Tapping an Unlikely Source: Scientists use mouth membrane to construct corneal-surface transplants

Japanese researchers have repaired the corneas in four people whose vision had been nearly wiped out by eye disease. But rather than transplant corneal tissue, the scientists fashioned a new outer layer for the damaged corneas from bits of tissue taken from each patient’s own mouth. More than a year later, the transplants are providing much-enhanced sight for the patients.

Cornea replacement is the foremost success story of the transplant era, thanks largely to the tissue’s characteristics. Being transparent, the cornea lacks blood cells and so doesn’t prompt immune rejection. Still, cornea transplants from dead donors have thrived only when a recipient has a reserve of corneal stem cells, which reside where the cornea meets the white of the eye.

Normally, these cells continuously renew a clear layer over the rest of the cornea—a shield over a shield. While inadequate to rebuild a damaged cornea from scratch, lingering corneal stem cells can often team with a transplanted cornea to maintain the outer layer and preserve sight.

However, a person whose outer corneal layer is severely damaged by heat, chemicals, or certain diseases may have no stem cells in reserve. In these patients, corneal transplants typically fail. To help this group, ophthalmologist Kohji Nishida of Osaka University Medical School and his colleagues turned to a stem cell that forms the membrane that lines the mouth.

The researchers collected tiny sections of membrane from inside the cheeks of four people who had extensive damage in both eyes from complications of a rare ailment called Stevens-Johnson syndrome. The tissues were cultured in the lab, where they grew into sheets about 25 millimeters across.

After removing the damaged outer-corneal layer of one eye of each patient, the scientists transplanted a membrane sheet onto the remaining corneal tissue. In all four people, the transplants immediately took hold, growing across the cornea’s surface, the researchers report in the Sept. 16 New England Journal of Medicine.

All the patients had started with vision of 20/2,000 or worse. Within 10 weeks after surgery, the transplants restored vision to 20/300, 20/100, 20/50, and 20/25 in the transplanted eyes. The improvements remain 14 months after surgery.

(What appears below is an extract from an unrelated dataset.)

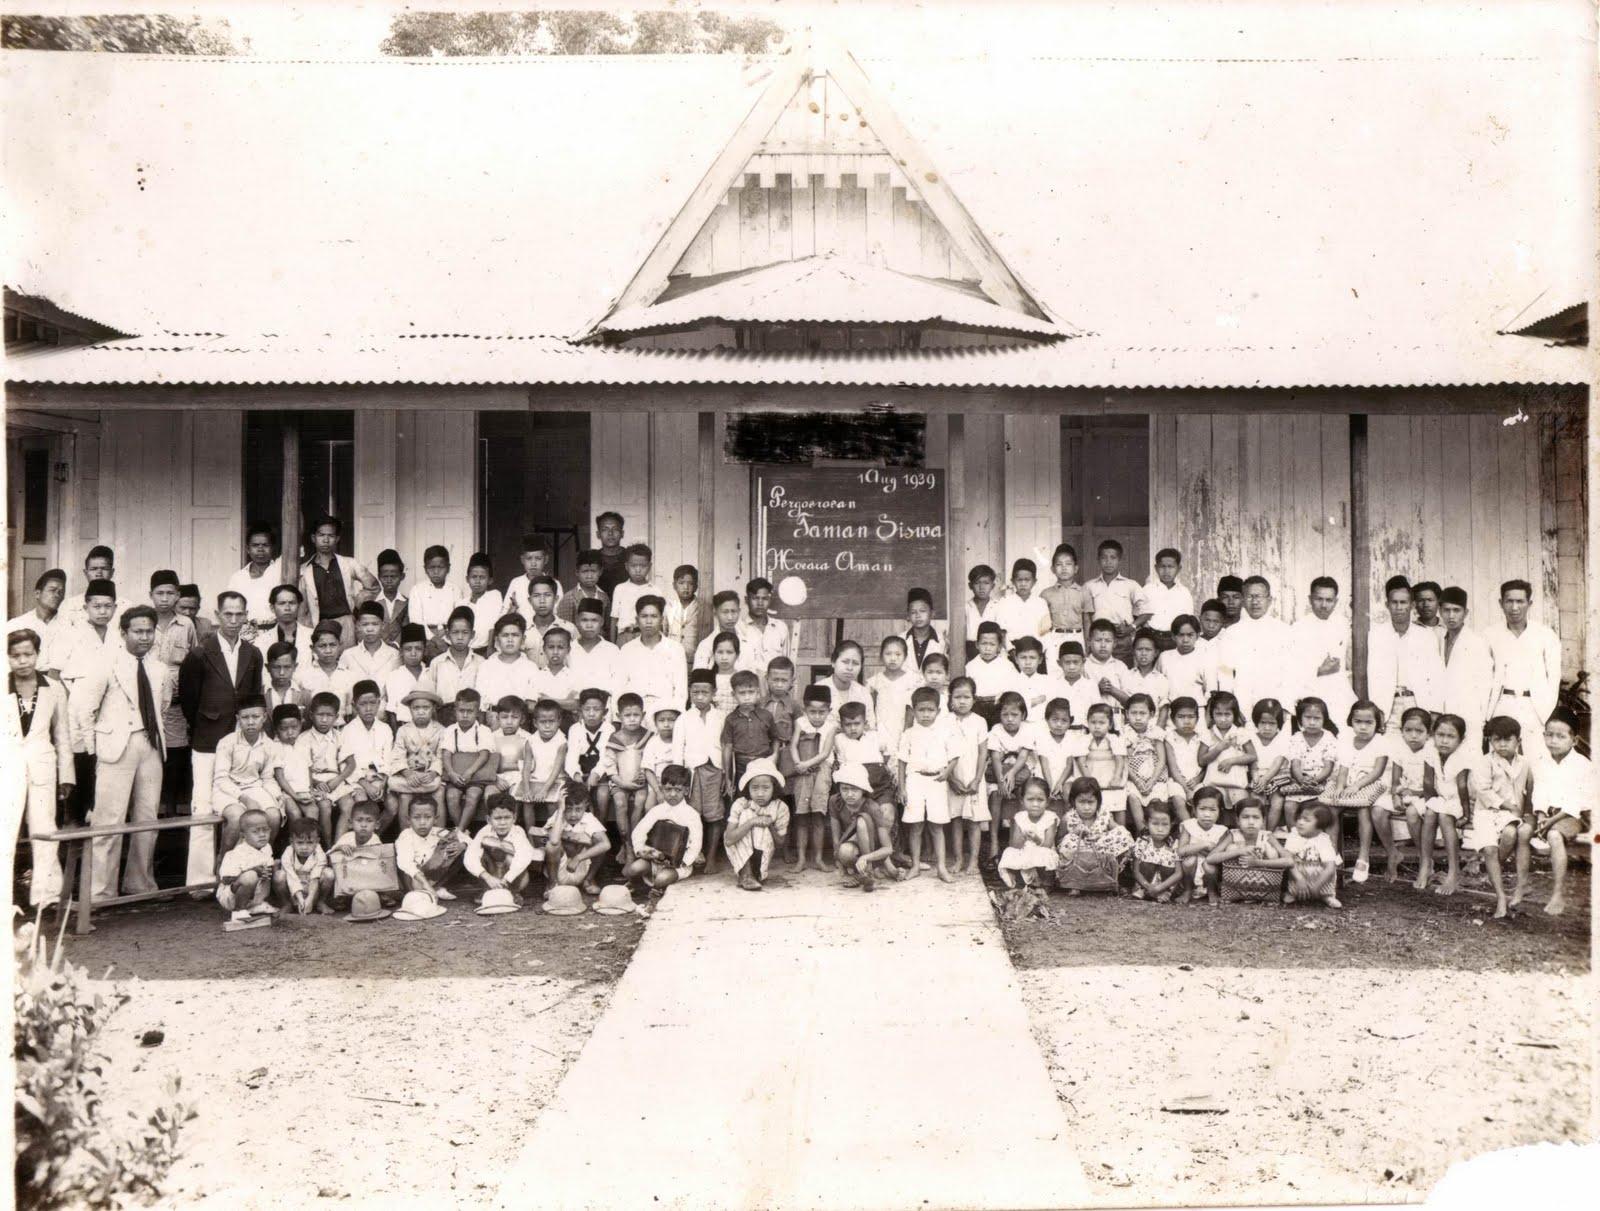 Perguruan Taman Siswa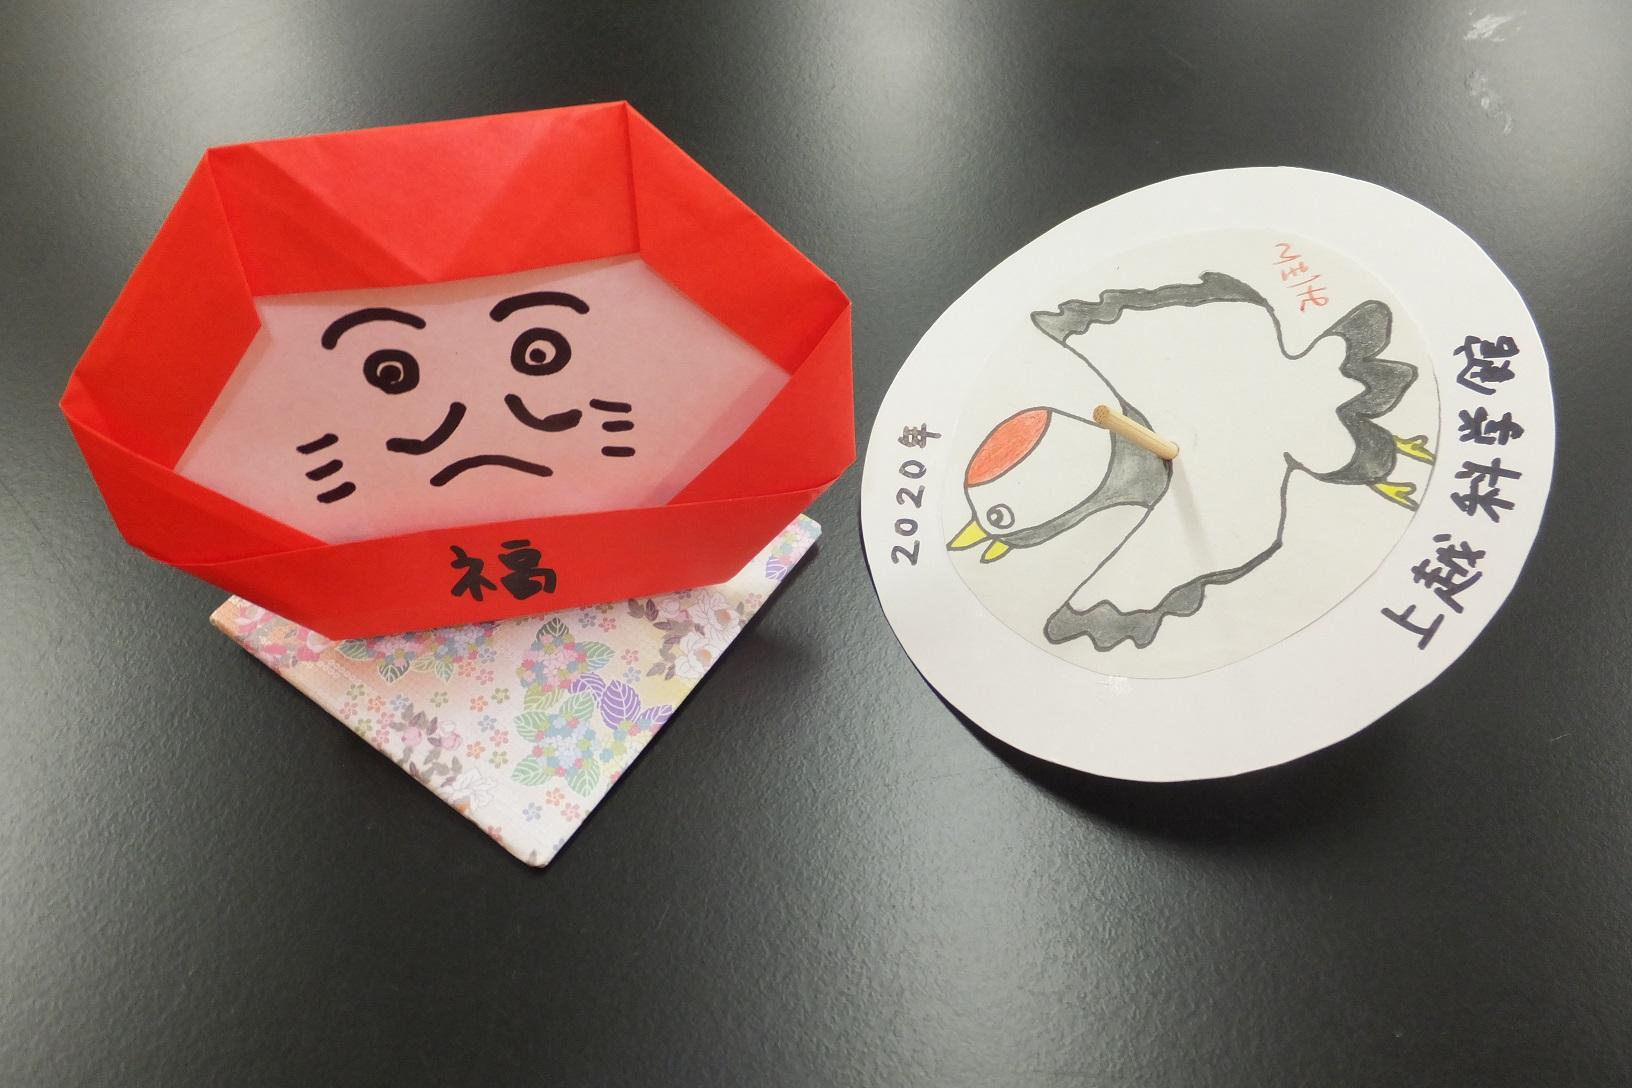 左:だるまさんがくるりん 右:新春!生き物大回転コマ小

Attempts to replace corneal stem cells with similar cells from a patient’s good eye or from that of a related donor have shown promise, but many have failed after a few years, says ophthalmologist Ivan R. Schwab of the University of California, Davis Medical Center in Sacramento. “While I applaud the [new] research,” he says, “I’m only cautiously optimistic.”

Meanwhile, scientists don’t know why the oral stem cells might take on the role of corneal stem cells. Schwab suspects that cells and signaling molecules that the lower corneal layers naturally send to the surface influence the transplanted cells. It may be an example “of the body talking to itself,” he says.